We would like to share more details about the events that occurred with Memsource between 2:51 and 4:16 PM CET on the 18th of March, 2021 which led to the disruption of identification and scoring of non-translatable segments, degraded performance of pre-translation and analyses and what Memsource engineers are doing to prevent these sorts of issues from happening again.
3:02 PM CET: Monitoring of the frontend component reports slower responses.
3:04 PM CET: Engineers reveal that the slowness of one API endpoint originated in the AI component providing non-translatable segment scores.
3:08 PM CET: Engineers from all relevant teams are investigating the problem and a root cause.
3:24 PM CET: Problem is identified; very long segments are being sent to the AI component.
3:38 PM CET: In order to lower the load on the AI component, the API endpoint providing non-translatable segment scoring is disabled.
3:50 PM CET: There is no significant improvement in the response time of the AI component. The team is evaluating other solutions.

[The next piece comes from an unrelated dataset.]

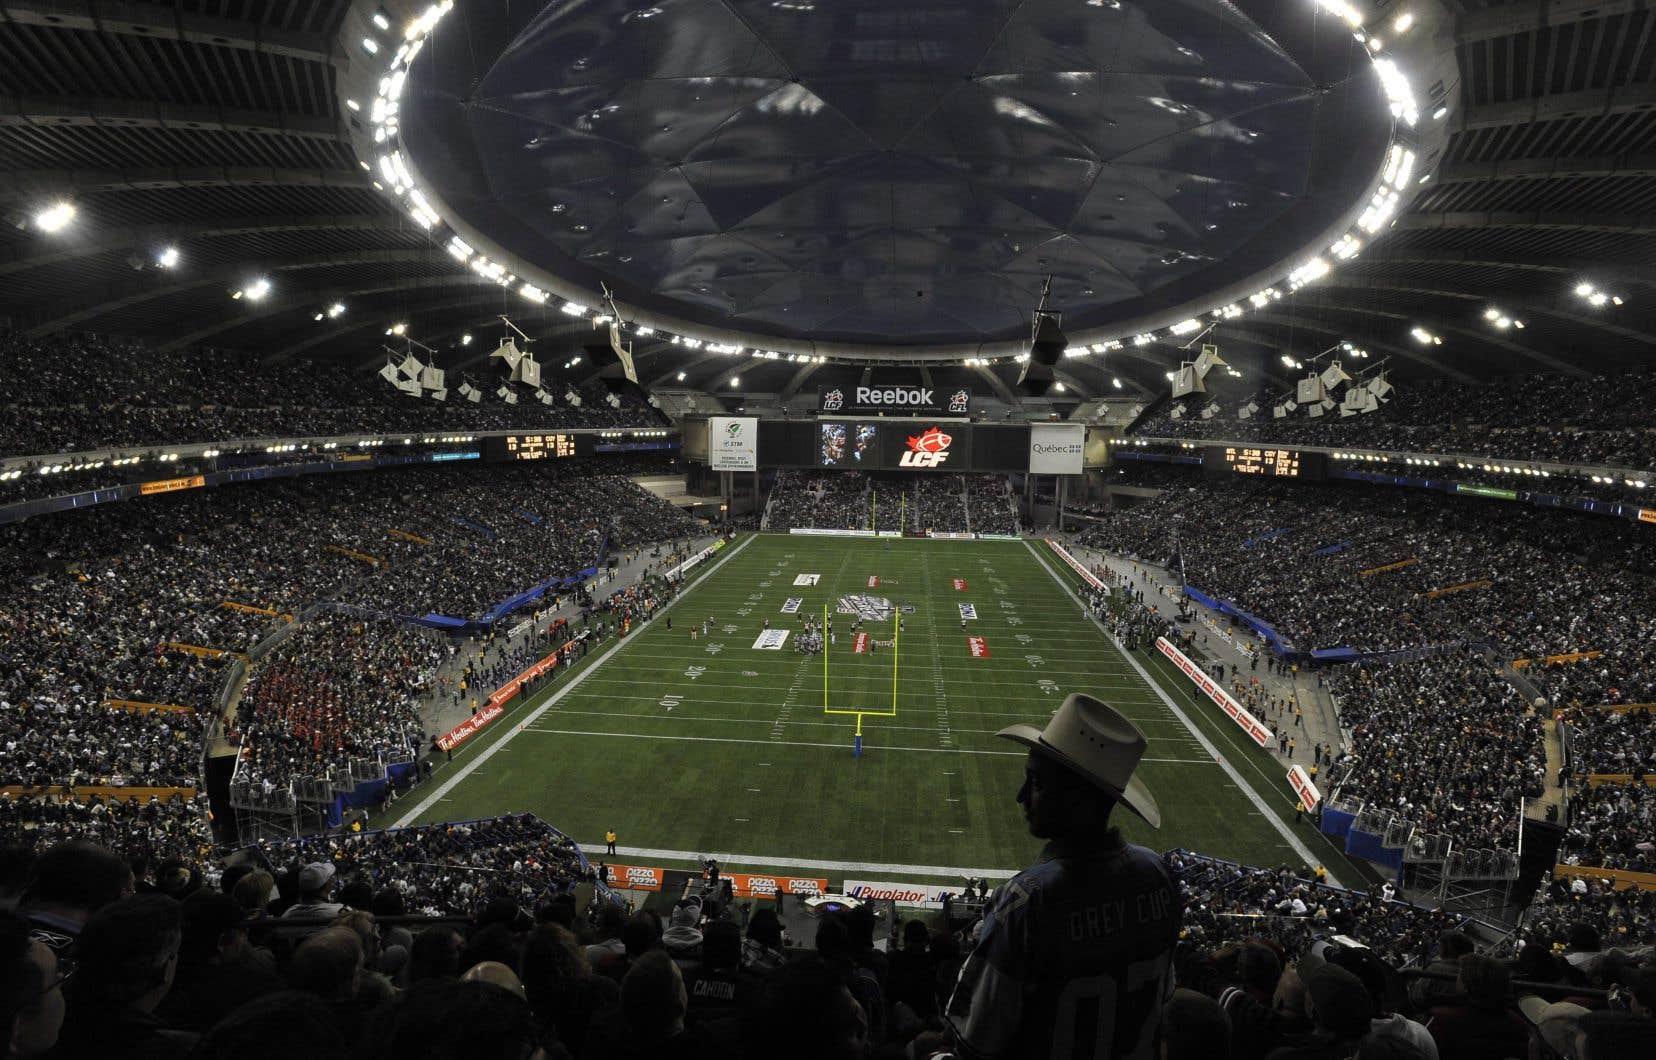 La plupart des meilleures foules dans l'histoire de la Ligue canadienne de football ont été enregistrées au Stade olympique de Montréal. Sur la photo, la finale de la Coupe Grey 2008 opposant les Stampeders de Calgary aux Alouettes de Montréal, au Stade.

4:00 PM CET: The problem is caused by the automatic pre-translation of a specific document. As there are no similar documents in the queue and the problematic one is close to being finished, it was decided to let the system finish the pre-translation.
4:14 PM CET: The AI component is operating normally.
4:16 PM CET: The API endpoint providing non-translatable segments scoring is enabled.
The responses of the AI component were slowed down by the processing of some very long segments.
As a reaction to the problems:
Finally, we want to apologize. We know how critical our services are to your business. Memsource as a whole will do everything to learn from this incident and use it to drive improvements across our services. As with any significant operational issue, Memsource engineers will be working tirelessly over the next coming days and weeks on improving their understanding of the incident and determine how to make changes that improve our services and processes.